17. On the last issue whether the restriction registered against land parcel Mbeti/Gachoka/473 should be removed and/or withdrawn, the provisions of law with regard to restrictions are to be found in the Land Registration Act, specifically Section 76, 77 and 78 which provides;76. Restrictions.(1)For the purposes of compulsory acquisition the prevention of any fraud or improper dealing or for any other sufficient cause, the Registrar may, either with or without the application of any person interested in the land, lease or charge, and after directing such inquiries to be made and notices to be served and hearing such persons as the Registrar considers fit, make an order prohibiting or restricting dealings with any particular land, lease or charge.(2)A restriction may be expressed to endure—(a)for a particular period;(b)until the occurrence of a particular event; or (underlining mine)(c)until a further order is made, and may prohibit or restrict all dealings or only or the dealings that do not comply with specified conditions, and the restriction shall be registered in the appropriate register.(2A)A restriction shall be registered in the register and may prohibit or restrict either all dealings in the land or only those dealings which do not comply with specified conditions.(3)The Registrar shall make a restriction in any case where it appears that the power of the proprietor to deal with the land, lease or charge is restricted.

77. Notice and effect of restriction.(1)The Registrar shall give notice, in writing, of a restriction to the proprietor affected by the restriction.(2)An instrument that is inconsistent with a restriction shall not be registered while the restriction is still registered except by order of the court or of the Registrar.

78. Removal and variation of restrictions.(1)The Registrar may, at anytime and on application by any person interested or at the Registrar’s own motion, and after giving the parties affected by the restriction an opportunity of being heard, order the removal or variation of a restriction.(2)Upon the application of a proprietor affected by a restriction, and upon notice to the Registrar, the court may order a restriction to be removed, varied, or other order as it deems fit, and may make an order as to costs.

18. From the above provisions of law, it is clear that the Land Registrar is the person who registers a Restriction.

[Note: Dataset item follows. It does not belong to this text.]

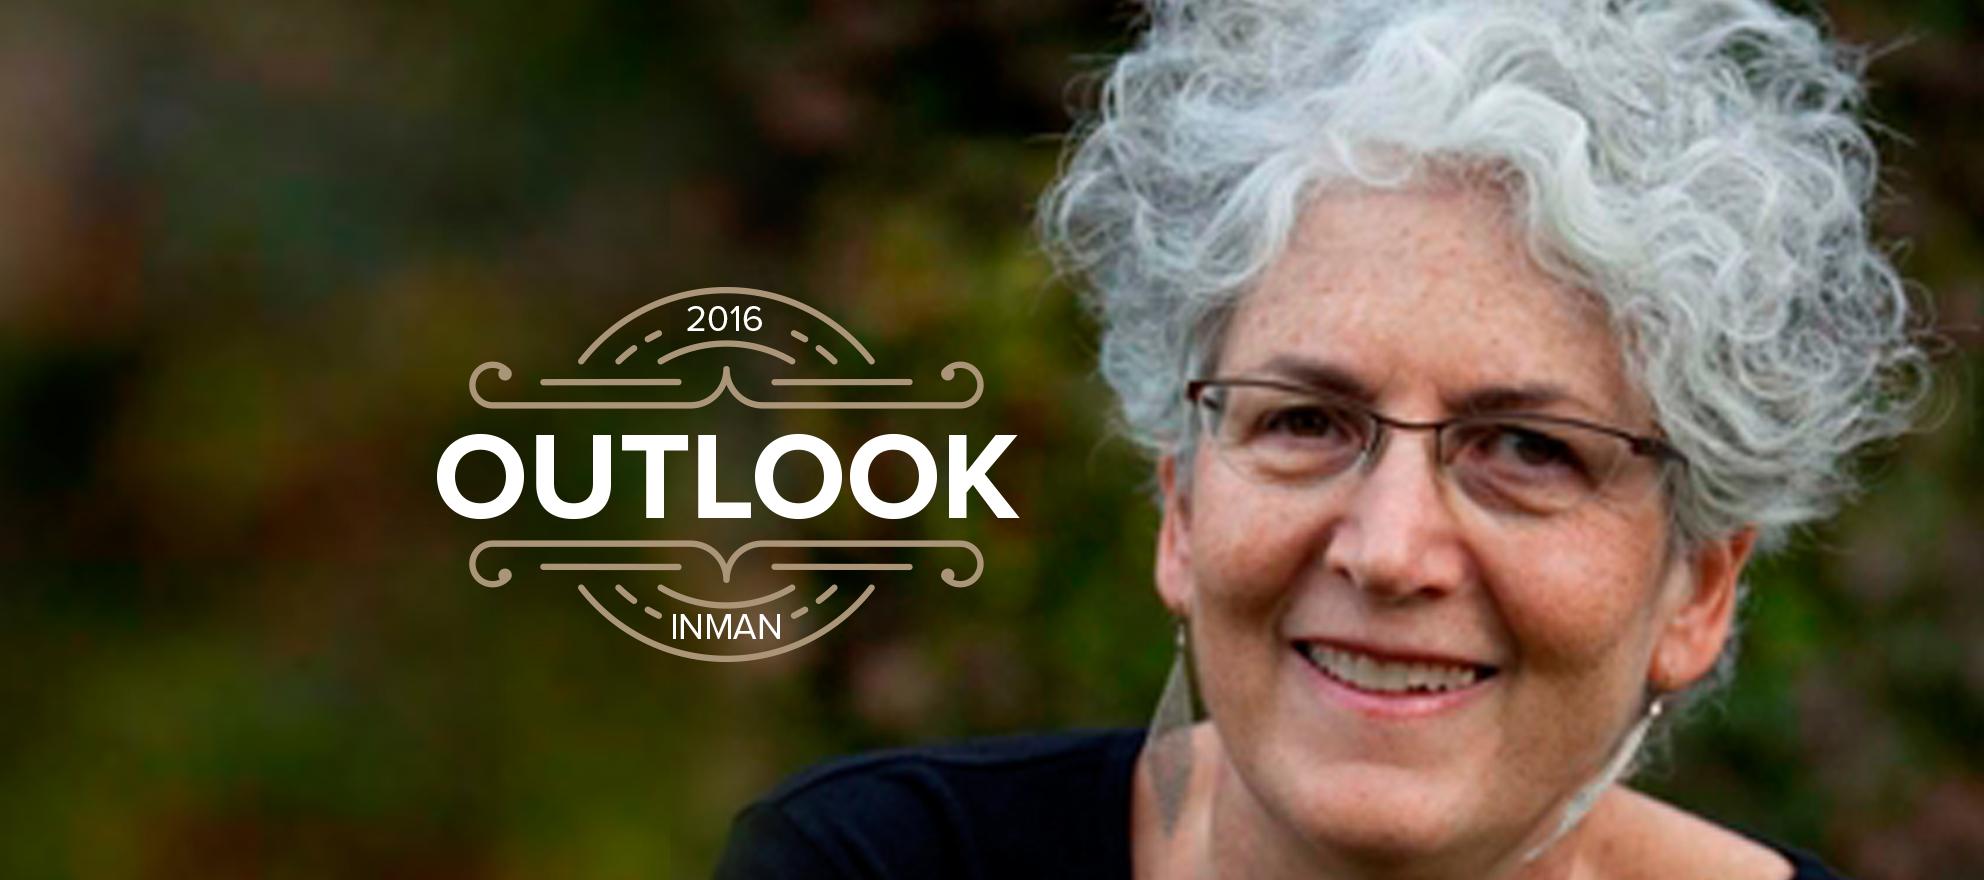 2016 outlook: Jennifer Alter Warden

It is also evident that restrictions are not supposed to endure indefinitely on a title and that the Registrar of their own volition or on application by an interested party, or the court on notice to the Registrar may order a restriction to be removed. In this case the Restriction is said to have been registered on 27. 04. 2021 and the same indicates that “no dealings until Embu ELC Case No. 83 of 2016 pending in court is heard and determined.” Has Embu ELC Case No. 83 of 2016 been heard and determined? The answer is obviously no. Have the applicants demonstrated why the court should order removal of the said Restriction prematurely? Again the answer is no. In fact, in their written submissions, none of the parties addressed the issue of removing the said Restriction. It was the Applicant’s duty to demonstrate why the Restriction ought to be removed as they are parties seeking for the said orders but they failed to do so. I must therefore reject their claim.

19. The upshot of the foregoing is that I dismiss the Applicant’s Notice of Motion dated 07. 04. 2022 in its entirety with costs to the Respondents.

RULING DATED, SIGNED AND DELIVERED IN OPEN COURT AT EMBU THIS 6TH DAY OF NOVEMBER, 2023. A.K. KANIARUJUDGEIn the presence of Njeru Ithiga for plaintiff in the main suit; plaintiffs in the counter-claim present in person; Mureithi Z.D. for M/s Mbwiria for 3rd plaintiff in the counter-claim. Kamunda Andrew for Kamunda Daniel for 3rd to 7th, 12th, 19th, 21st, 26th to 32nd, 34th, 37th to 40th, 42nd, 46th, 47th, 49th, 57th, 61st to 63rd, 68th, 70th and 74th defendants.Rose Njeru for the defendants in the main suit who are 1st and 2nd plaintiffs in the counter-claim.M/s Waithera Mwangi for 43rd A and 43rd B defendant/Applicants in the counter claim.